Am in the planning stages of an overnight westernport trip for the 5th and 6th May. Best clash of conditions for the past 11 months. 3 nights after the full moon and a low tide after dark on a saturday night. Basic plan to leave around Corinella or Jam Jerop by midday Sat. Cross to either Freeman Pt , ******* Pt or trusty old Sandy Pt on French island to offload gear then fish the afternoon and get back to set up camp by dark. Fish the low tide overnight either in kayak or from land. Break camp early Sunday and fish my way back to car. Be off water by early afternoon.
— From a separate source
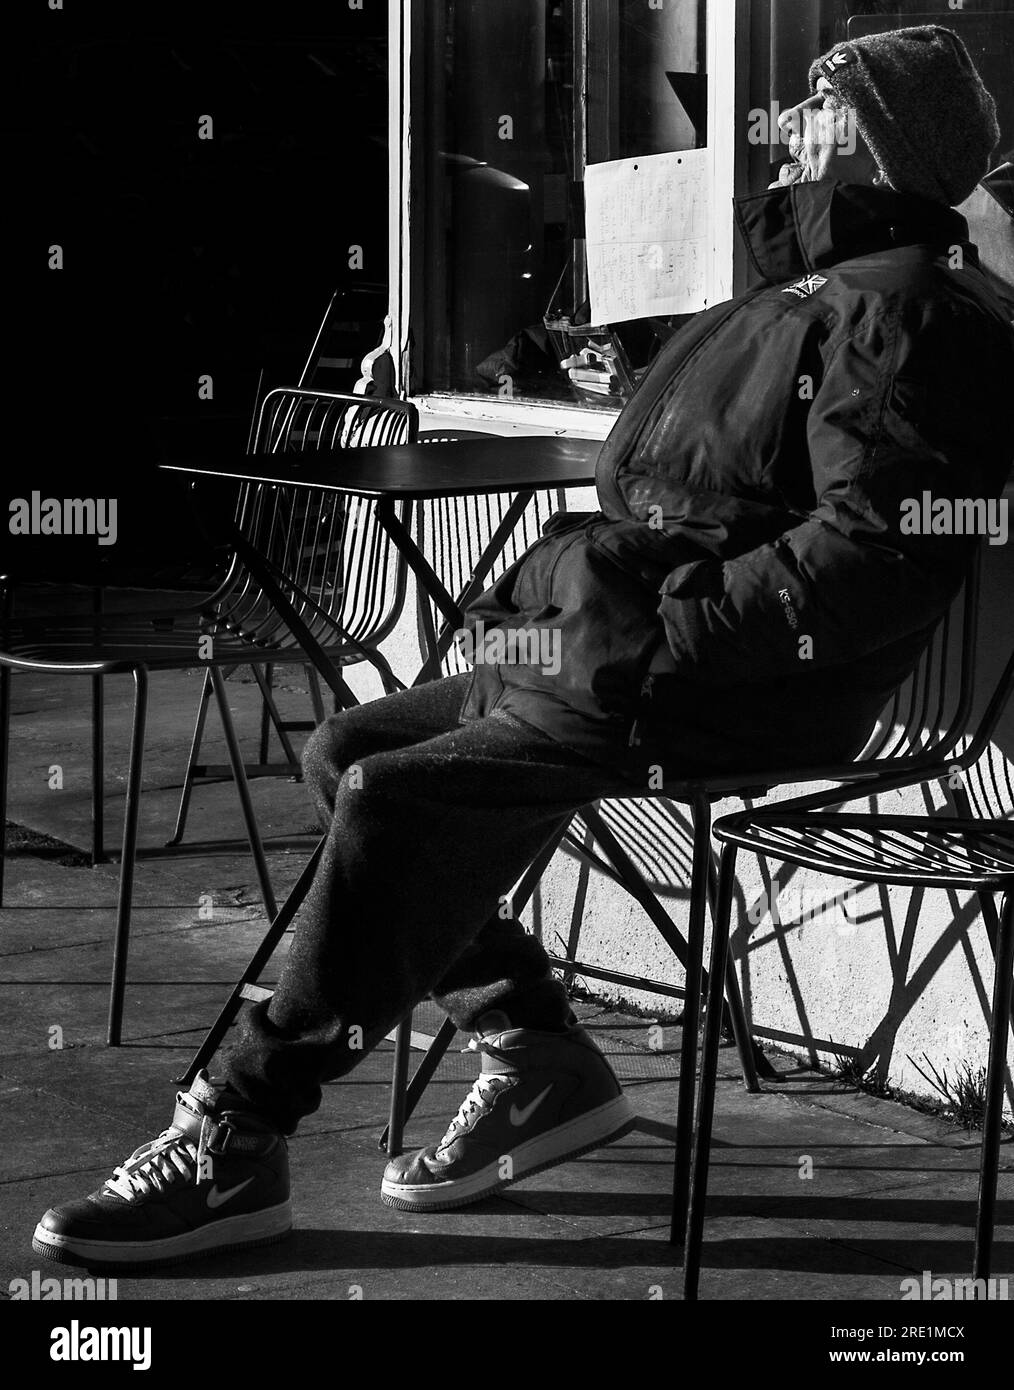 hombre viejo en la calle de café sentado tomando el sol en la luz del sol del invierno Foto de stock

Did a similar trip last year and had a ball. Target species Gummy shark Mulloway and whatever else swims past. Any takers???? Steve.


----------



## squizzy (Mar 3, 2007)

Bloody hell Steve, sounds fantastic, Im spewing big time, I got soccer with my daughter starting 6th may and with my son on sat 5th then throw in my father inlaws 80th on Saturday nite. Not that spending time with the family isnt fun.but.....wpb, camping out, great conditions aaahhhhhhh. All the best with the trip, I urge all you melb yakkeres to get along with Steve and enjoy wpb with the kingfisher. Look forward to the reports


----------



## Y-Knot (Sep 26, 2006)

geez ya know how to tempt a bloke Steve, fantastic sounding trip planned.

generally i work sundays so i would say im out of this 1 ...BUT... as it is my own business i could make that executive decision to not show up :wink:

I will have to get back to you.I am keen though.


----------



## hoit (Aug 29, 2005)

Hi Steve,

I am way too soft to go fishing overnight. err I mean I can't get a leave pass :roll: 

Good Luck
Grant


----------



## Y-Knot (Sep 26, 2006)

yeah bugger i cant do a weekend camp/fish ... i was taking the sunday off so we could fish but now the misses wants us to visit her relatives seeing that im not working. :shock:

HOW THE HELL DID THAT HAPPEN :evil: ... Bwaaaaaaa

im spewing mate but i hope you get out there and get onto 'em and prehaps next time (yeah next time i just wont mention to the misses until im walking out the door)

l'll be looking out for your trip report.


----------



## Guest (May 2, 2007)

I reckon I could be talked into this. Shoot me a PM with the details mate. I'm keen.


----------